*Exercise instructions*. Word for word, transcribe the lines below and drop the pictures.
------ Data block
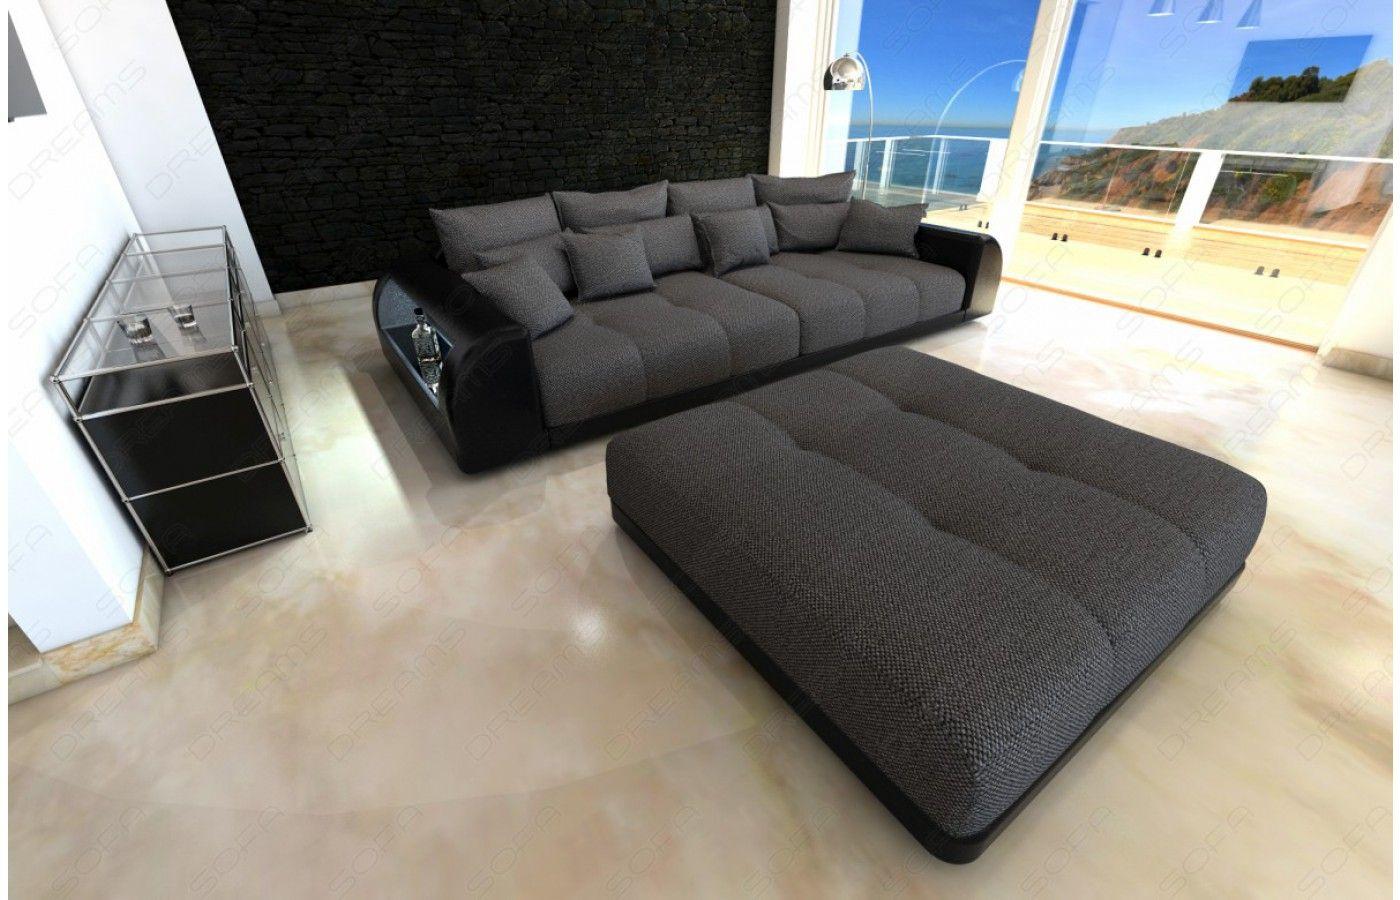 ecksofa mit led beleuchtung free kostenlose lieferung w. Black Bedroom Furniture Sets. Home Design Ideas
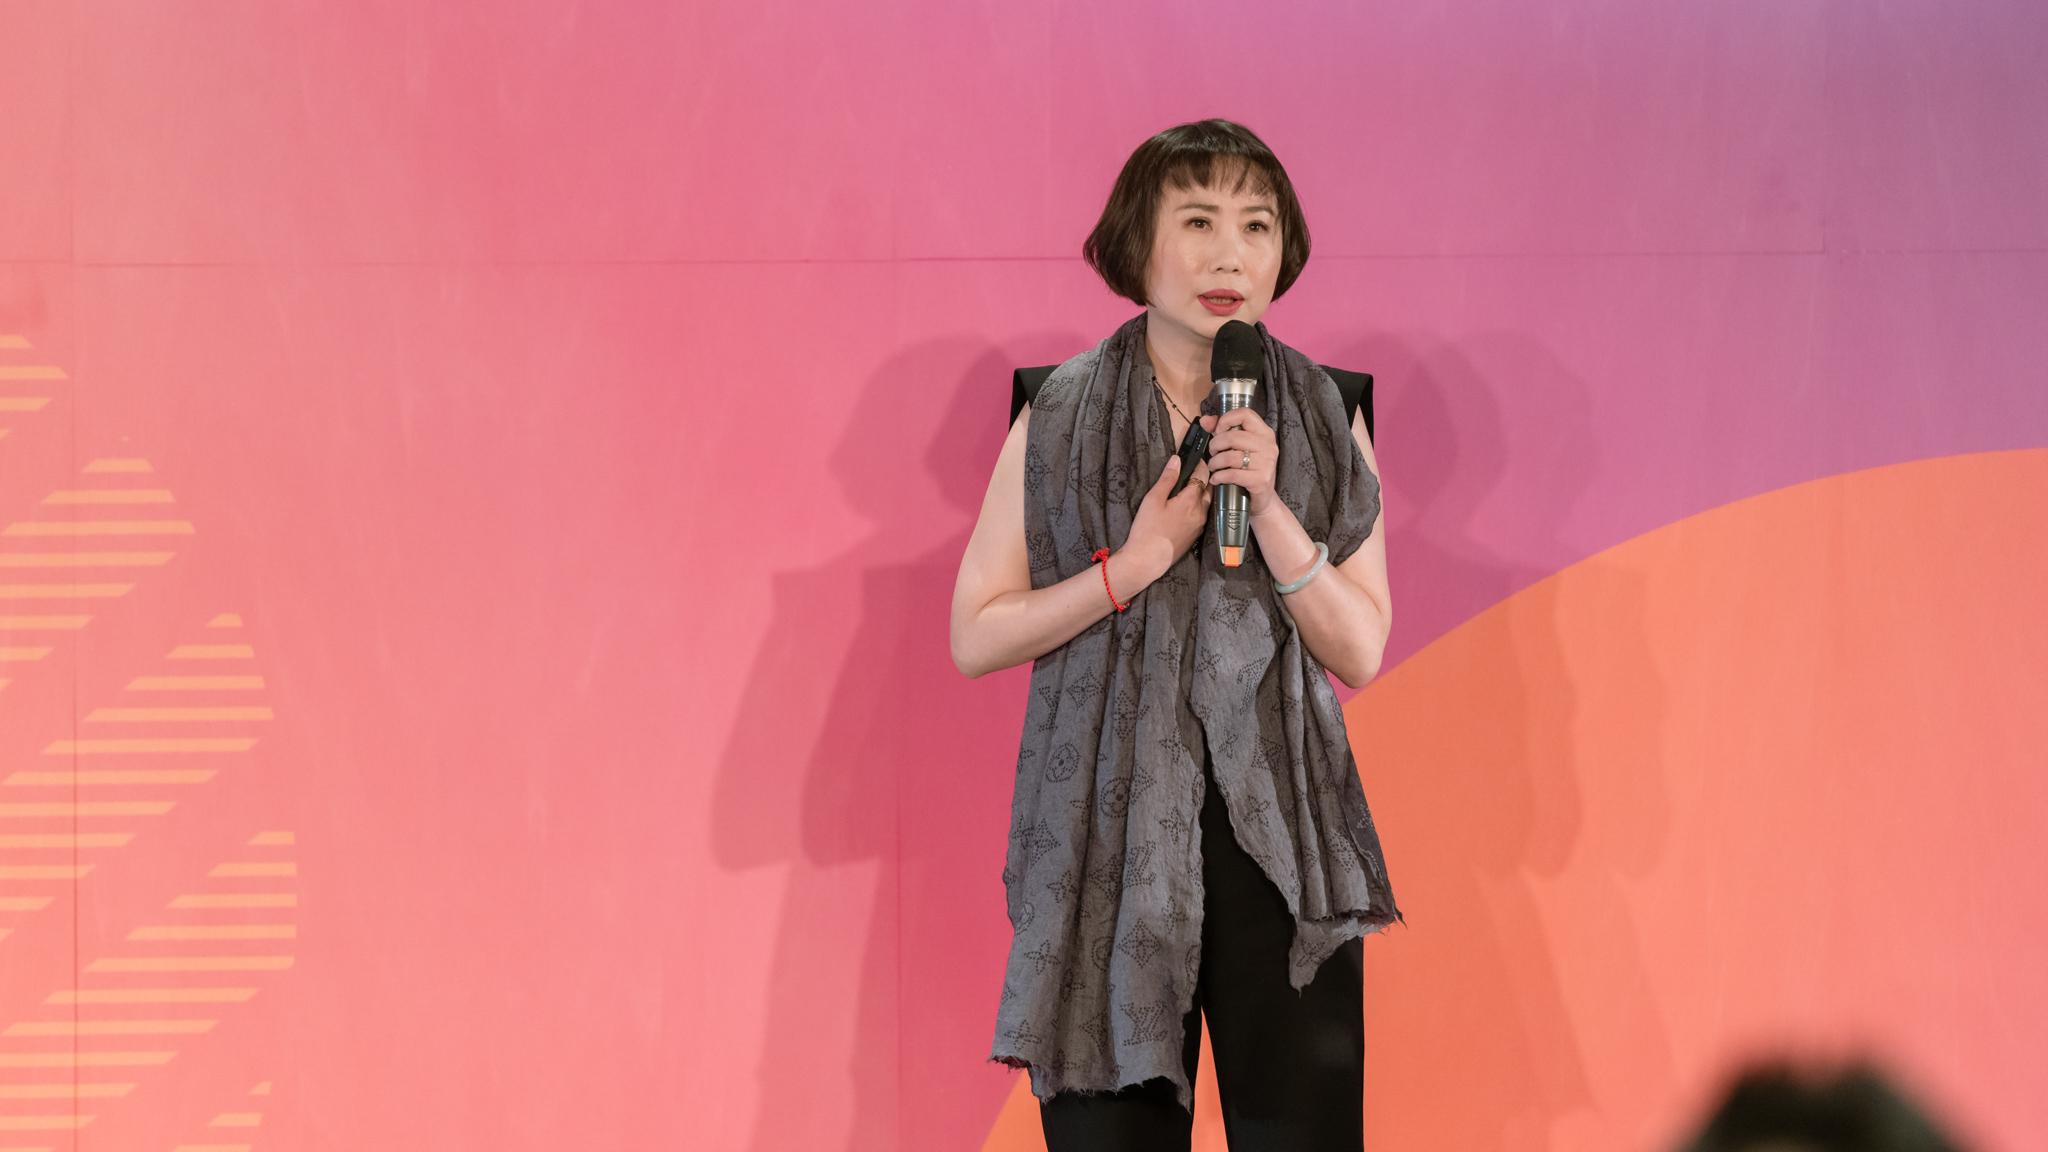 MAKE UP FOR EVER 總經理 陳佩琳於 OMO 品牌新零售高峰會
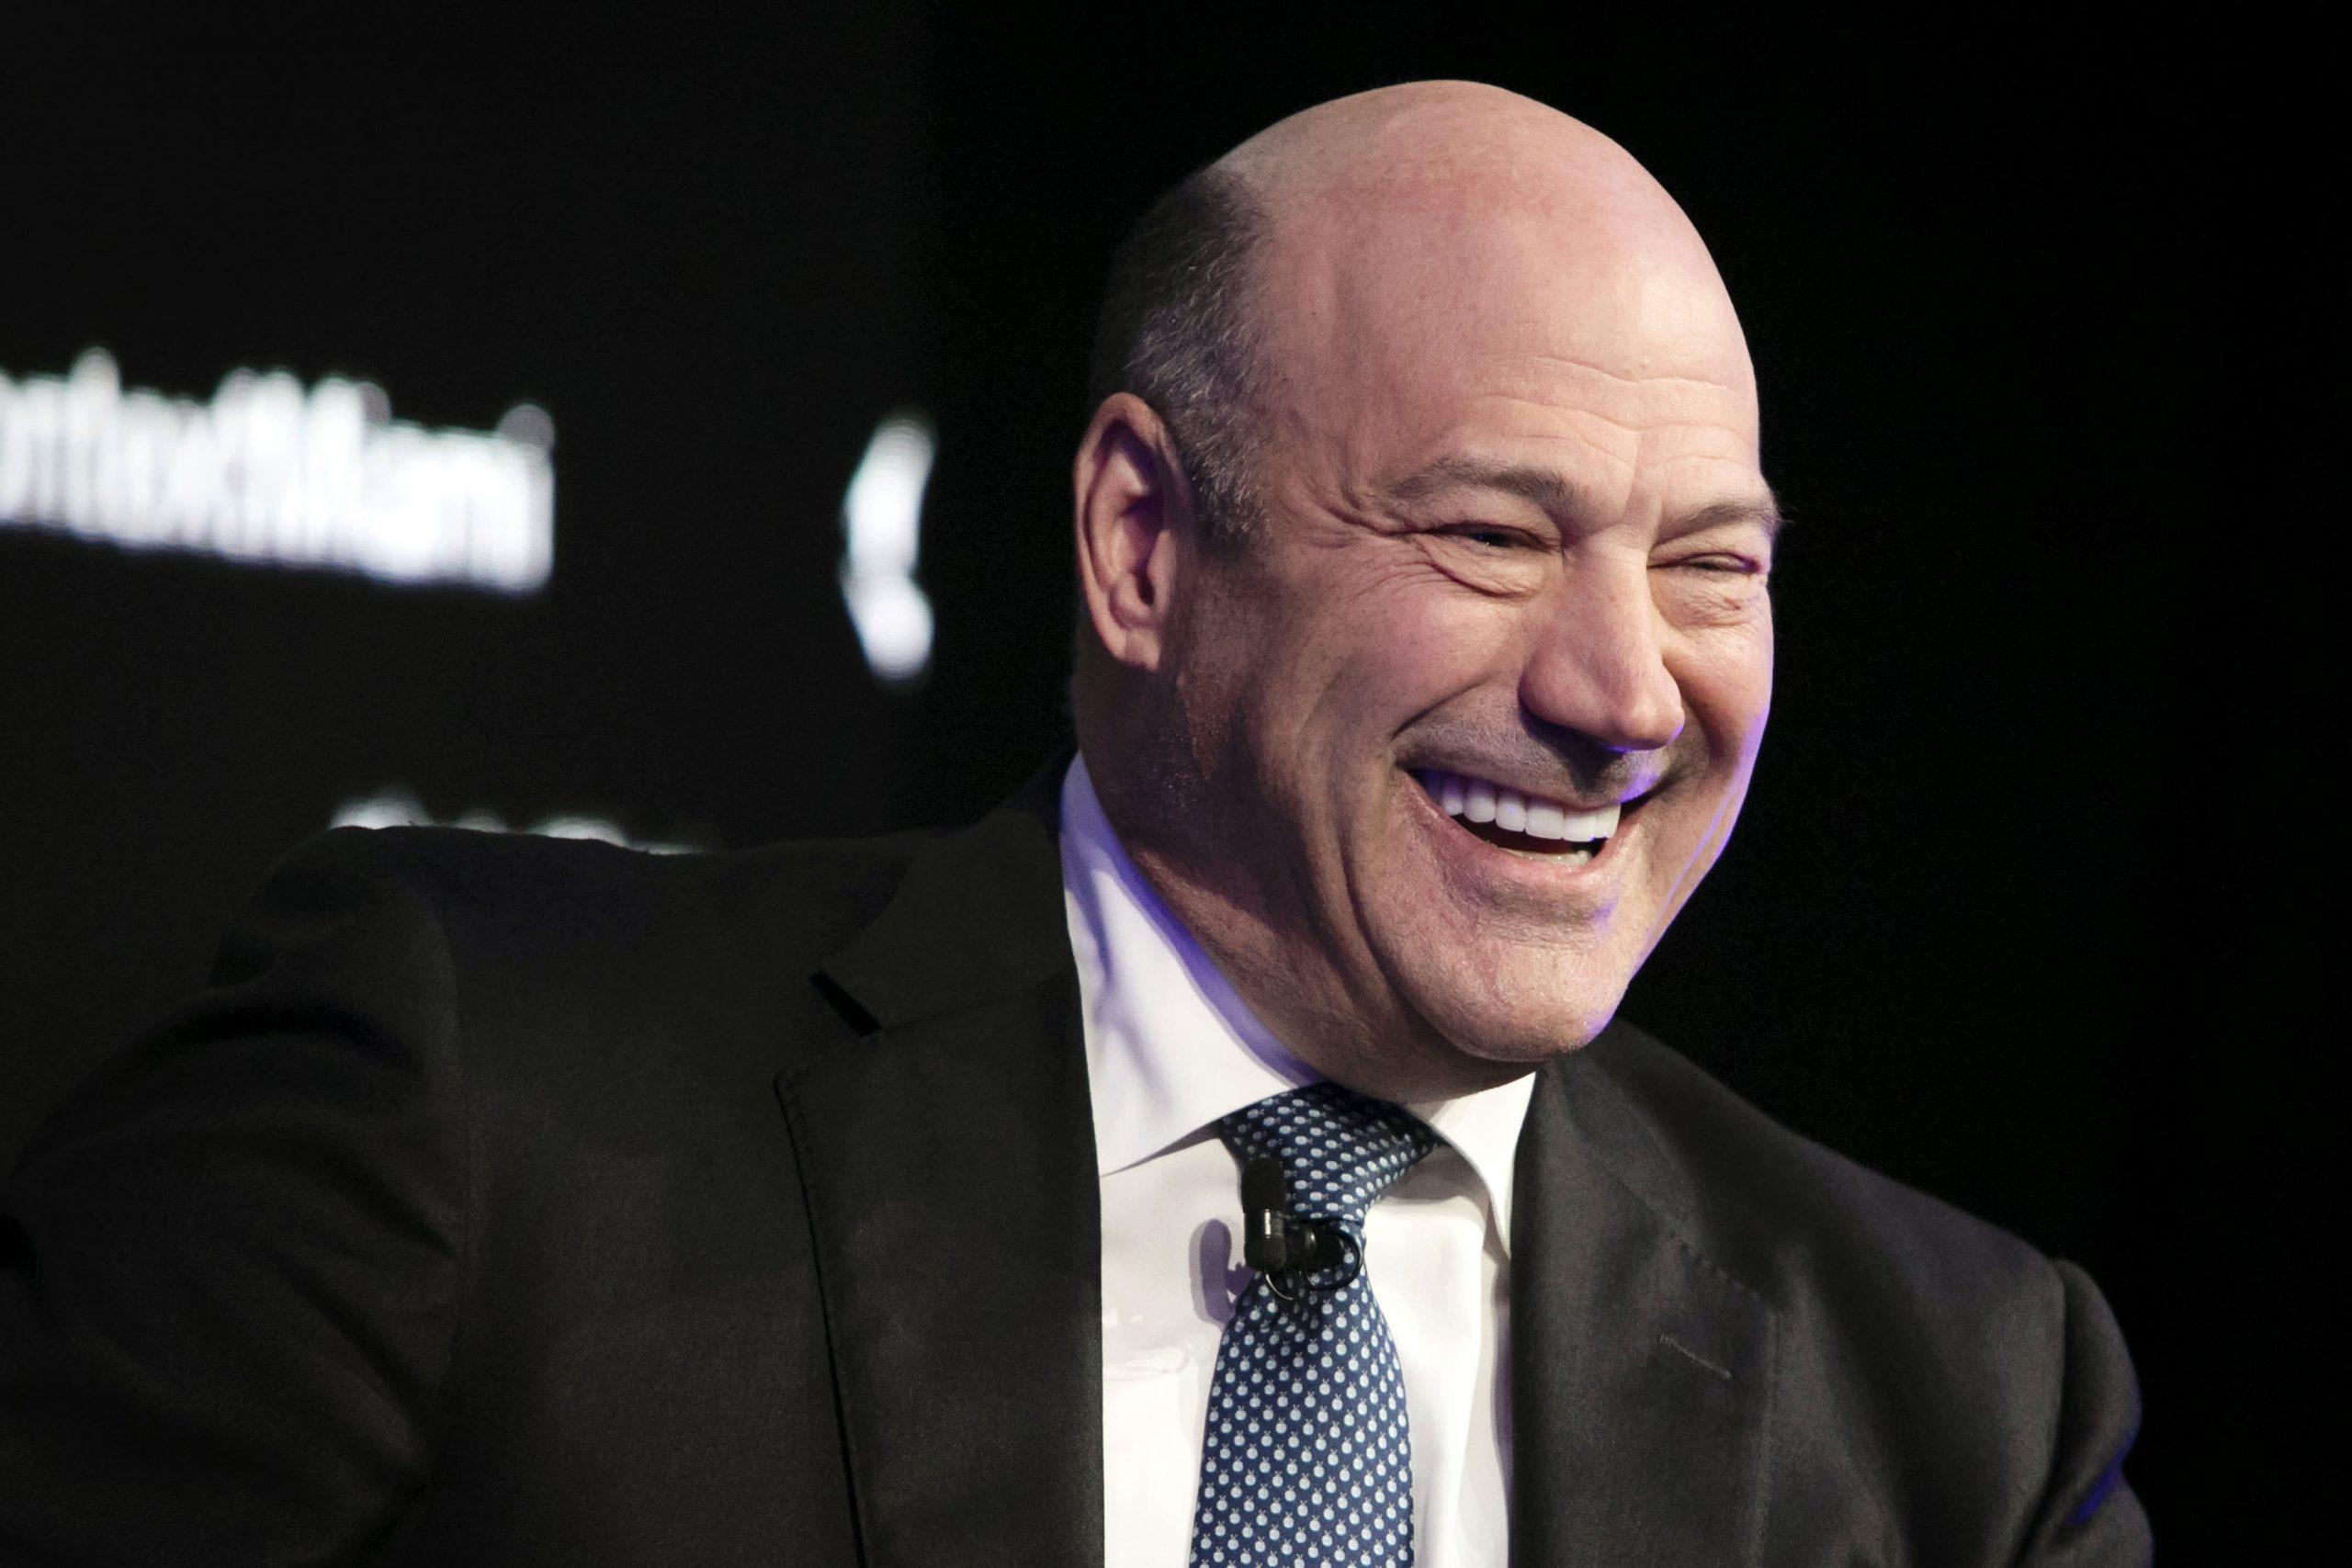 Gary Cohn joins IBM as Vice Chairman
------------
*Solved problem*.
 ecksofa mit led beleuchtung free kostenlose lieferung w. Black Bedroom Furniture Sets. Home Design Ideas
 MAKE UP FOR EVER 總經理 陳佩琳於 OMO 品牌新零售高峰會
 Gary Cohn joins IBM as Vice Chairman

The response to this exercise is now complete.